香港ドルって、どんな通貨か知ってますか?
- 何でドルって名前につくのか分かんない
- 香港って中央銀行無いけど誰が発行してるの?
- アメリカから圧力をかけて香港ドルを紙クズにできるの?
とか疑問があると思います。
今回はこの疑問に対してお答えします。
香港ドルは、実は普通の通貨とは仕組みが異なります。
それでは解説に進みます。
香港ドルって何?
香港ドルの仕組み
誰が発行するの?
実は、香港に中央銀行ってものは無いです。
香港ドルを発行できるのは下記の通りです。
- 香港政府(コイン、小額紙幣のみ)
- HSBC
- 中国銀行
- スタンダード・チャータード銀行
じつは、いろんな銀行が発行しています。
このような状態でどうやって価値を担保しているのでしょうか?
紙幣発行のルールは?
香港ドルをこれらの発行体がバンバン作ったらどうなるでしょうか?
お金としての信頼が無くなり、価値を失います。
なので、お金の価値を担保するためにルールがあります。
このルールを『カレンシーボード制』と言います。
カレンシーボード制とは、自国通貨を完全に他の通貨の価値に裏付けるルールです。
香港の場合は、香港ドルを完全にアメリカドルに裏付けるということをしております。
どうやって裏付けるのでしょうか?
実はこのようにして裏付けられています。
- 発券銀行は1アメリカドルを香港金融管理局に預ける
- 金融管理局から1アメリカドル預けるごとに7.8香港ドルを発行する権利を得る
- 金融管理局に7.8香港ドルを支払うと、1アメリカドルを返却してもらえる
- 金融管理局に支払われた香港ドルは消滅する
つまり、香港ドルと、アメリカドルは完全にリンクしているのです。
昔あった金本位制みたいな仕組みですね。
香港ドルの値動き
1ドルを7.8香港ドルに交換できるのは上記の銀行だけであり、一般人は相場で取引するしかありません。

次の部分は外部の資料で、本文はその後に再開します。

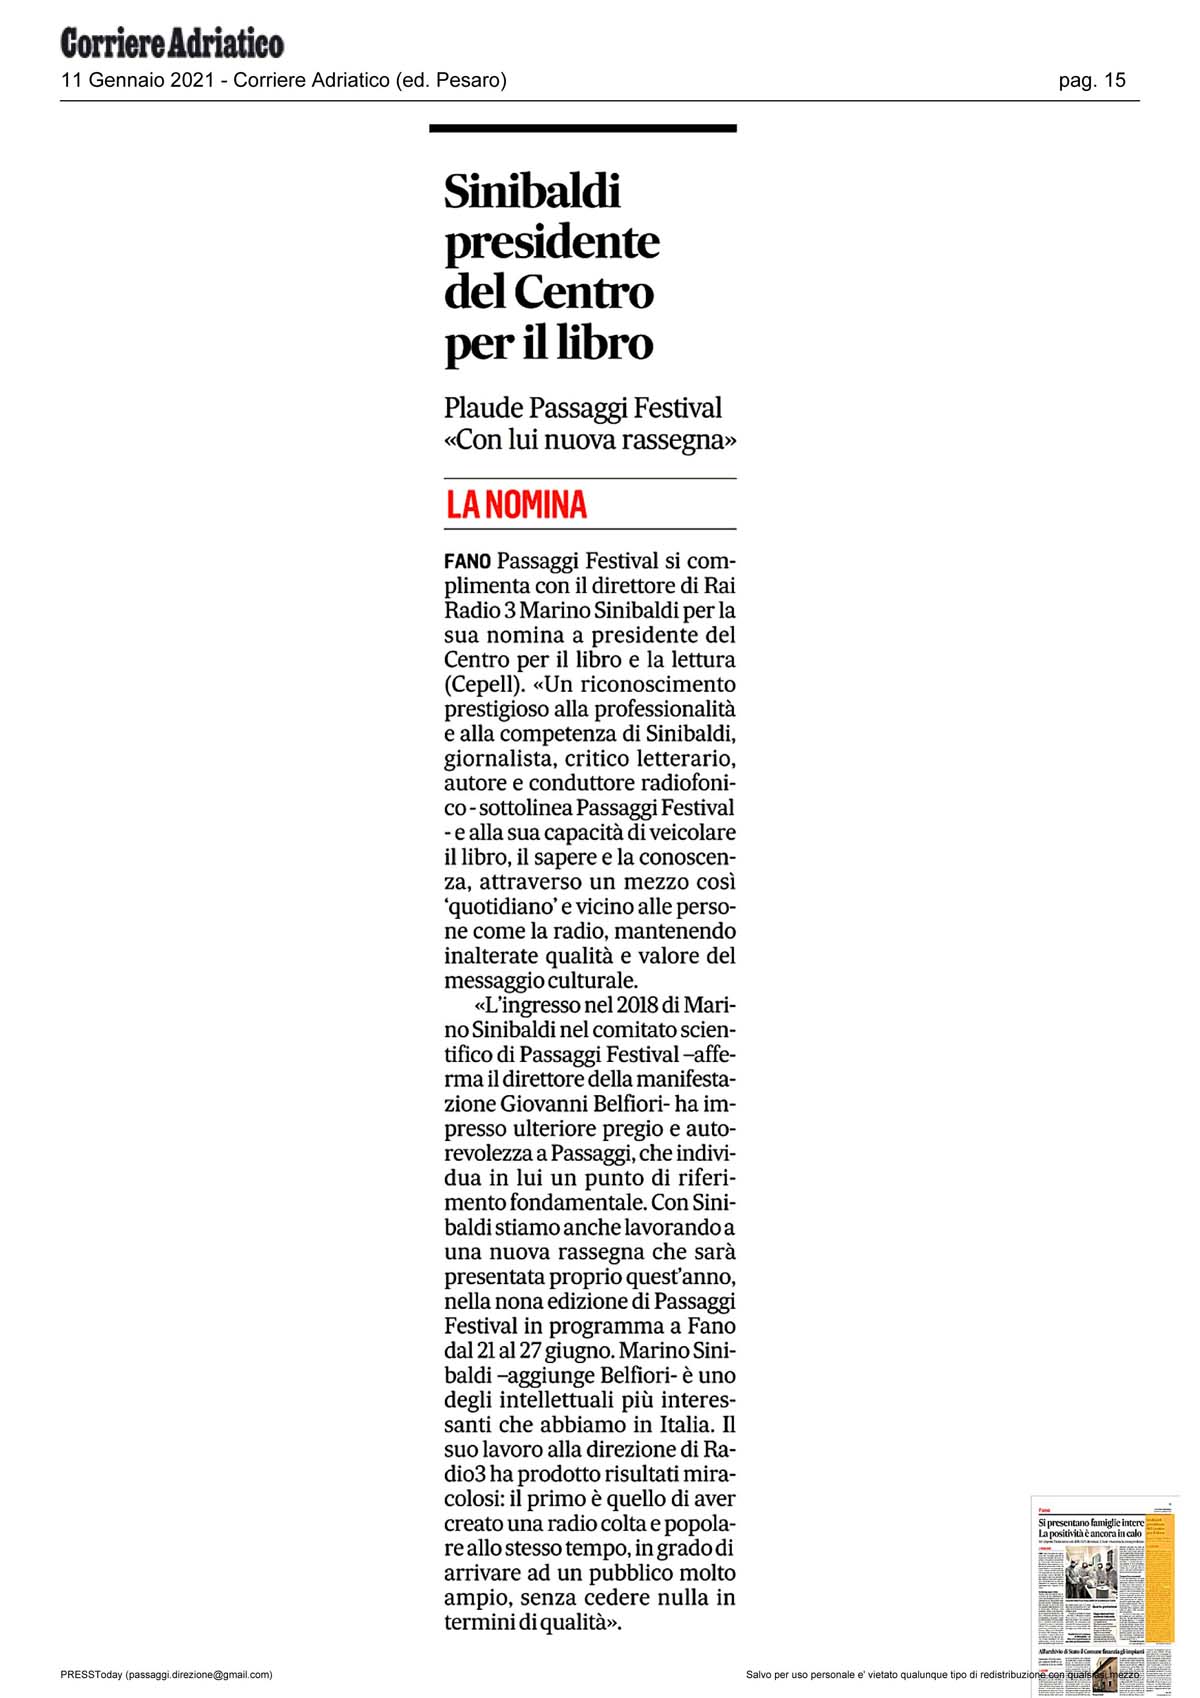 Corriere_Adriatico_sinibaldi_presidente_del_centro_per_il_libro
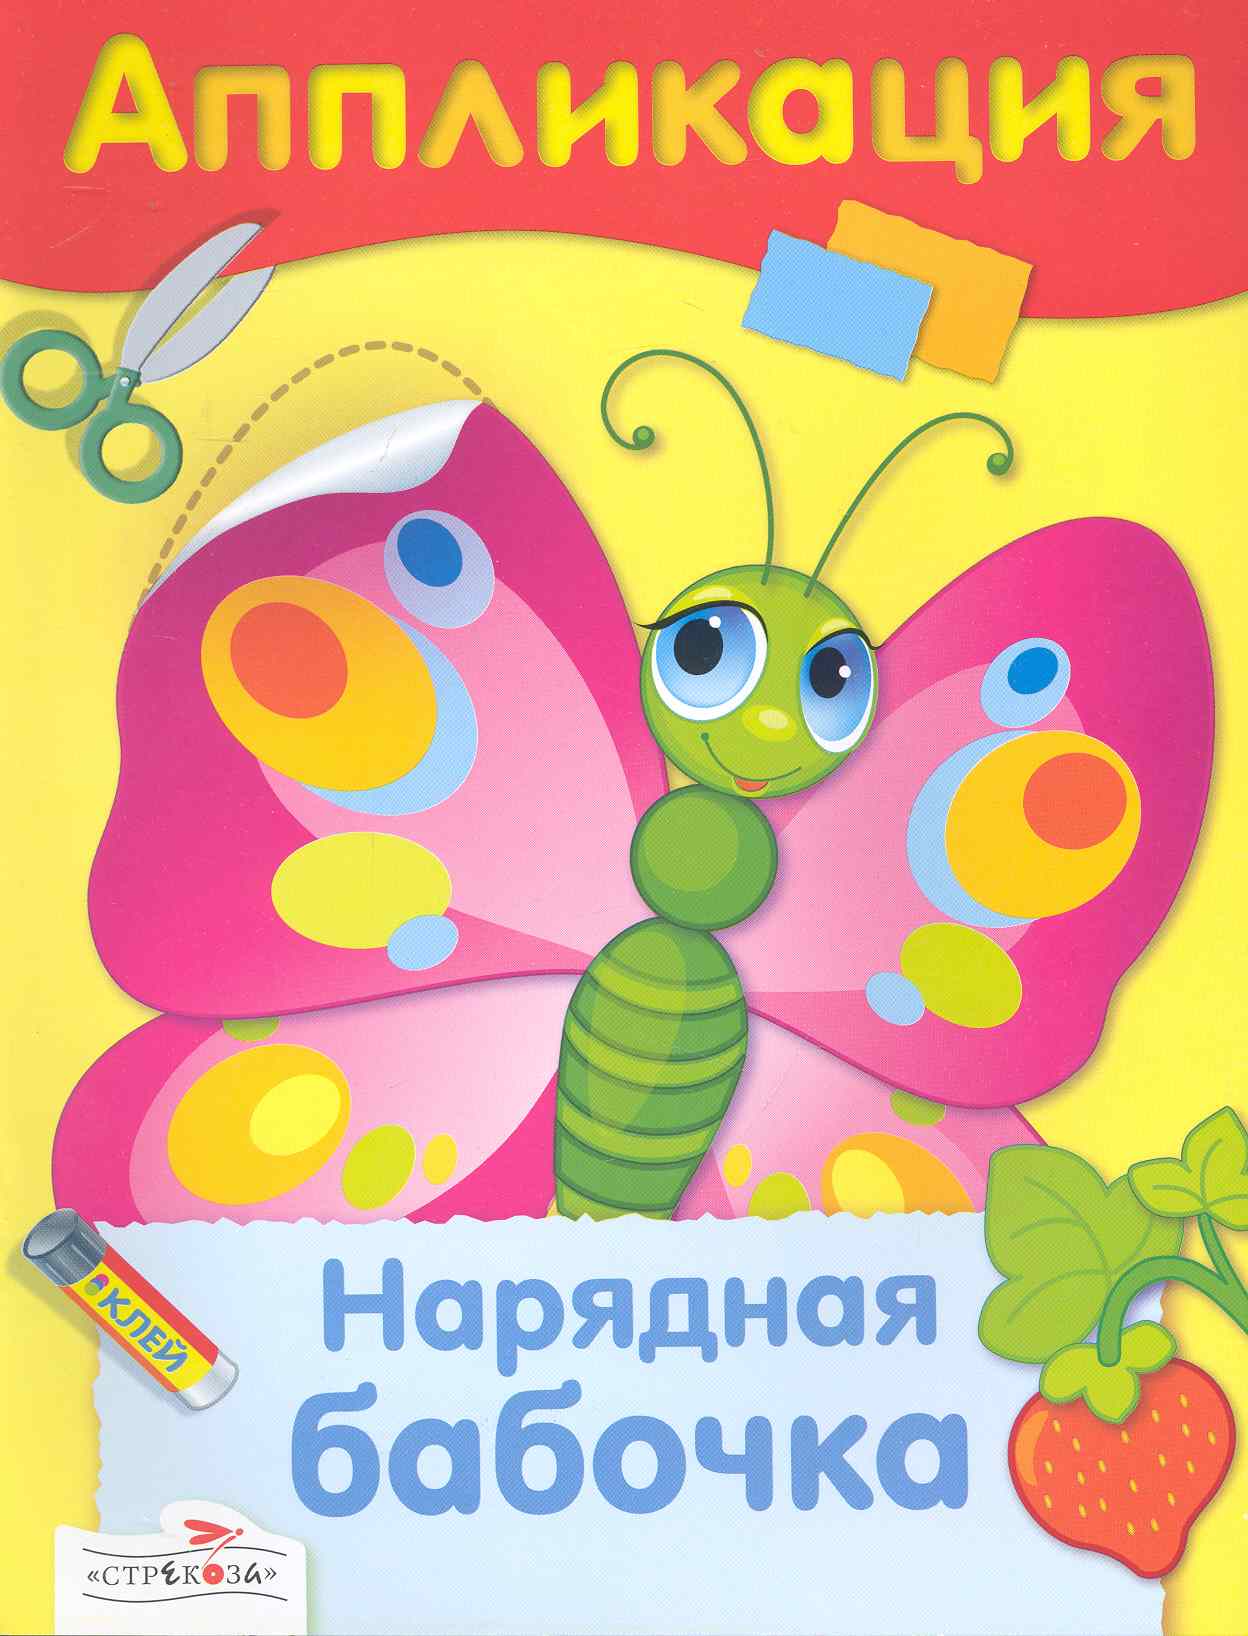 гончарова д худ аппликация нарядная бабочка Нарядная бабочка : аппликация

そのため、取引によって多少交換レートが上下しますが、大きくは変動しません。
時には大きく変動することもあるかもしれませんがやがて交換レートは戻っていくようにできております。
それはなぜでしょうか。
香港ドルは相場調整のために金利を活用しております。
たとえば、香港ドルの方が買われすぎて高くなってしまった場合、香港ドル建ての金利をアメリカドル建てよりも下げます。
そうすると本来アメリカドルと香港ドルの価値の比率は同じため、ドルの方を買おうとする人が増えます。
その方がより金利が得られるからです。
次に逆の場合を考えます。
香港ドルが売られすぎて安くなってしまった場合、香港ドル建ての金利をアメリカドル建てよりも上げます。
そうすると、香港ドルを買って金利をもらった方が有利なため香港ドルを買おうとする人が増えます。
こうやって自動的に香港ドルとアメリカドルの価値の比率は7.8に収れんするように調整されています。
カレンシーボード制の副作用
カレンシーボード制は通貨が安定する代わりに大きな副作用を受け入れざるを得ません。
それは何でしょうか?
まず、完全にドルにリンクしていることから
- アメリカの中央銀行の政策金利の影響をもろに受ける
- 好景気の時に金融緩和されるとバブルになる
- 不景気の時に金融引き締めをすると恐慌になる
つまり、他国の金利政策をもろに受けてしまう事が最大のデメリットです。
香港ドルは通貨の安定性を得る代わりにこのような政策金利による調整が出来なくなるというデメリットを受け入れているのです。
アメリカから圧力をかけて香港ドルを紙クズにできるの?
アメリカドルと、香港ドルの関係を先ほど示しましたが、ここにアメリカ政府が介入する余地はあったでしょうか?
ただ単にドルと香港ドルを固定で交換しているだけなので、ここには紙くずにするほどの介入をする余地はありません。
可能性としては、香港ドルの発行銀行がドルを手に入れれない状態にしてしまうという事をアメリカがすれば話が変わってきます。
そうすると交換するドルが足りなくなり、香港ドルを発行できなくなってしまうでしょう。
その場合は、中国元などのほかの通貨で代用することにはなりそうですが、どちらにしろ代用通貨の価値が担保されていれば紙くずにならないでしょう。
まとめ
今回は、特殊な通貨である香港ドルについて紹介を致しました。
結論としてはドルと香港ドルはほぼ同じものととらえて良いでしょう。
ポイントとしては銀行が金融管理局に1ドルを預ければ7.8香港ドルを発行できるという事を覚えておいてください。